Portals for the setup and execution of MD simulations on the EGI computational infrastructure have been developed within the WeNMR project (www.wenmr.eu) and have been used since 2010. The applications supported are free dynamics and MD-based refinement of protein structures, with limited capabilities for analysis of trajectories.
Currently, the portals are being upgraded to execute simulations on GPU computational resources, which can significantly speed up calculations and thus allow users to perform longer simulations, up to more biologically relevant time scales. In parallel, these portals will be endowed with a larger set of predefined applications in order to support a broader scope of applications. By implementing these in the INDIGO-DataCloud environment, users will be able to exploit state-of-the-art approaches on the most appropriate computational infrastructure, in a transparent manner.
The community involves researchers from academia as well as, potentially, pharma and biotech companies. The researchers will include: i) biologists, who want to validate hypotheses on functional mechanisms relying on macromolecular dynamics; ii) pharmacologists, who are interested especially in ligand docking applications; iii) experts in MD simulations, typically with a background in physics or physical chemistry and an interest in the development of MD methods and their validation through experimental data. The first two profiles will often have only very basic fundamentals in understanding of the complexity of MD simulations and little or none skills in cloud/distributed computing.

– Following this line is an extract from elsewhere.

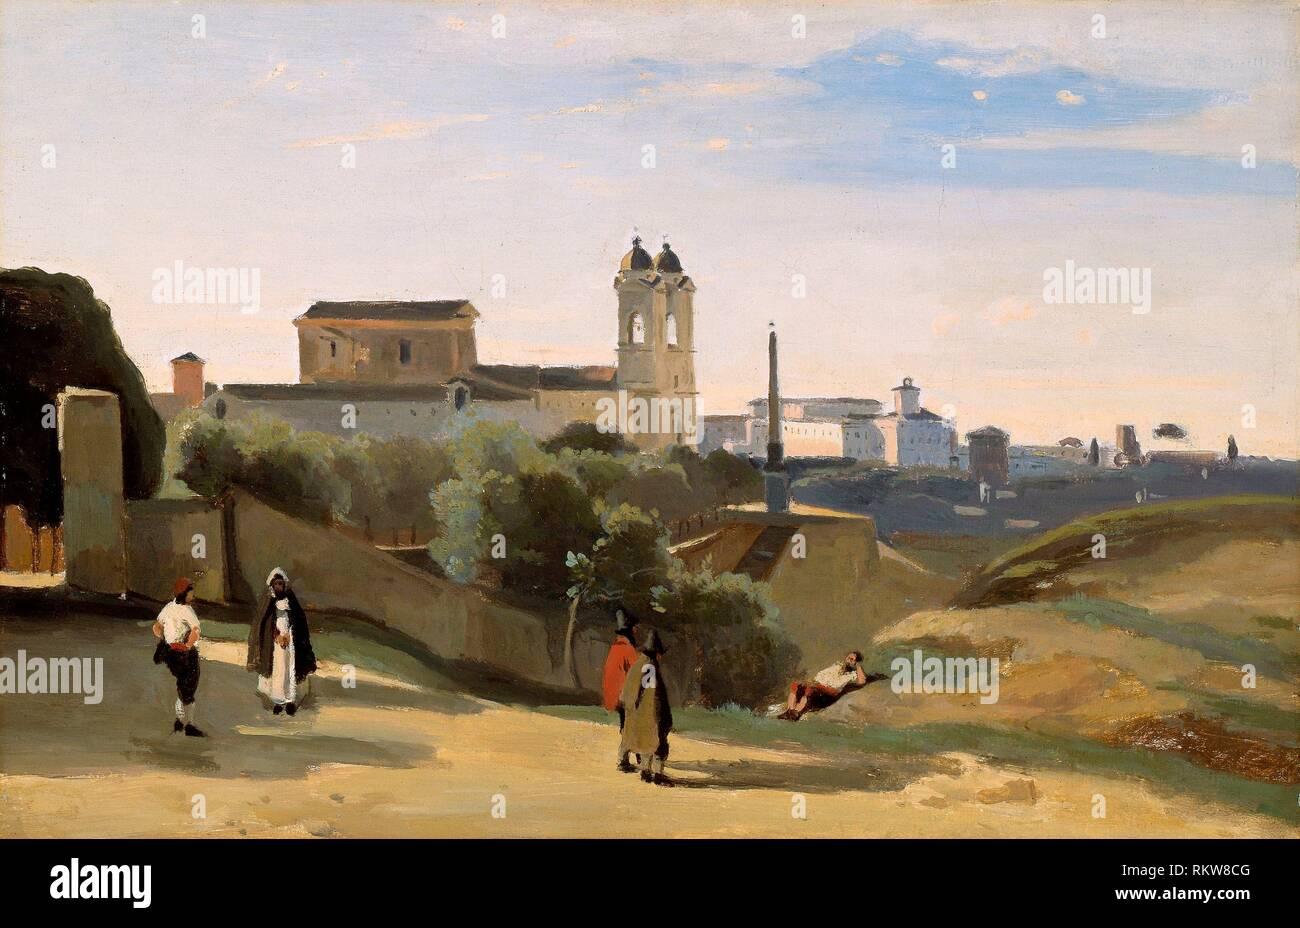 Monte Pincio, Rome - 1840/50 - Jean-Baptiste-Camille Corot French, 1796-1875 - Artist: Jean Baptiste Camille Corot, Origin: France, Date: 1840-1850, - Stock Image
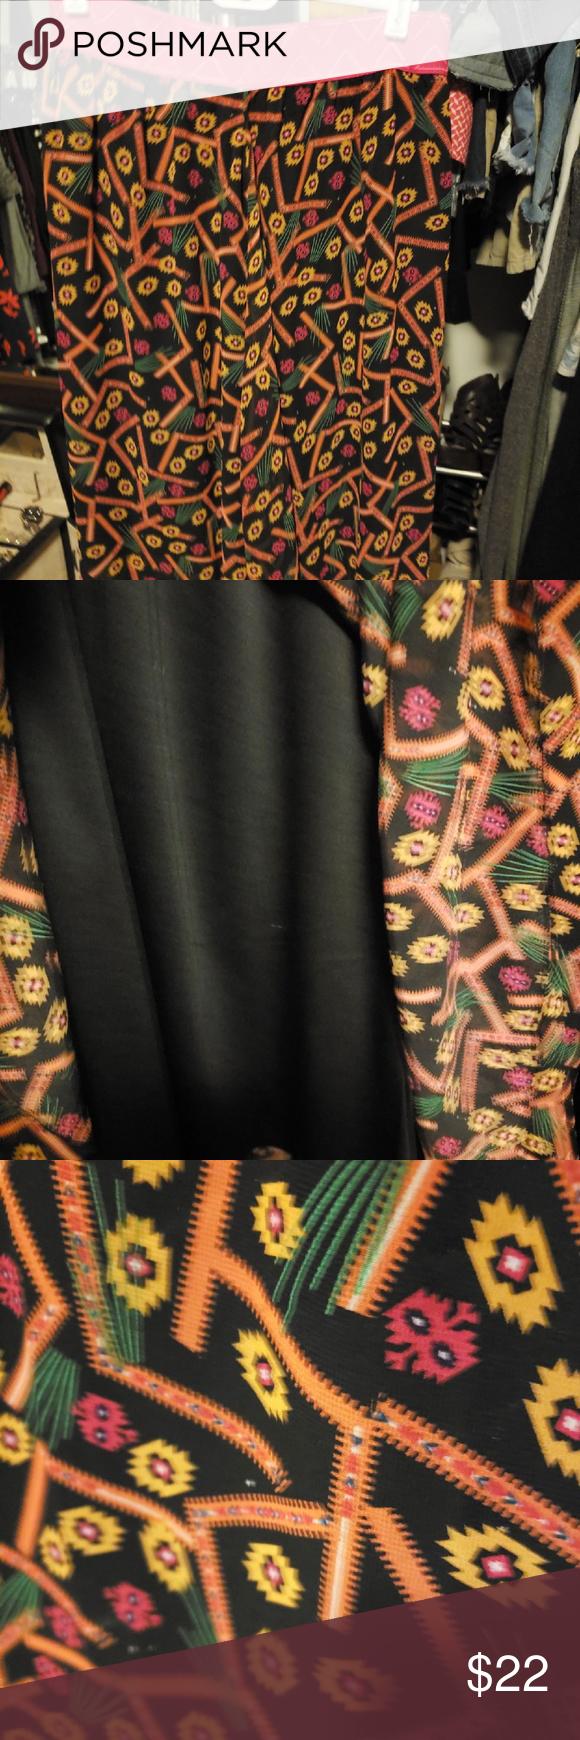 LulaRoe Lola Skirt, Size M EUC, Only worn once.  LulaRoe Lola Skirt.  Size Mediium. Amazing print wi...

End users will be associated to projects, and guided in their work via simple graphical interfaces, e.g. integrated within the web browser. The range of applications can extend from unrestrained “brute-force” molecular dynamics simulation towards more methodologically sophisticated pathway-dependent free-energy calculations (umbrella sampling simulations); accelerated sampling techniques, performing of high-throughput virtual screening by means of macromolecular docking or post-processing trajectory analysis techniques (MMGBSA); simulation and explicit analysis of specified reactional pathways of protein-ligand binding/diffusion using steered MD protocol. Finally end-users will obtain opportunity to perform biomolecular simulations constrained by means of experimental data e.g via using NMR constrains or alternatively ensembles of X-ray structures or alternatively to perform MD-based sampling of experimentally solved structures using different experimental techniques and/or under various external conditions.
The main objective is the implementation of interfaces that allow users to run multi-threading as well as MPI-based molecular dynamics simulations depending on specific needs, provide access to the simulated data (trajectories) and perform standardized analyses of the trajectories. Cloud technologies would be instrumental both to obtain access to different types of computational resources and to allow the post-simulation analysis of trajectories without the need to move the data from the researchers’ lab.
There are several bottlenecks for the community to benefit of state-of-the-art simulations of molecular dynamics, related to the i) automatical adjustment of the simulation setup towards particular molecular system; ii) the computational power required to run the long unrestrained simulations by using multi-core processors and/or GPU-based systems as well as a suitable implementation of MPI libraries; iii) large output datasets produced by the simulation that must be stored for subsequent analysis using dedicated tools. In all of those cases a researchers needs to locally install and maintain his/her own version of the MD software, and will experience a high barrier to adopt more recent tools. Moreover huge computational resources when multiple protein conformations are processed in parallel. The technological infrastructure developed by INDIGO-DataCloud will be key to remove such bottlenecks, especially for users who are not computer-savvy.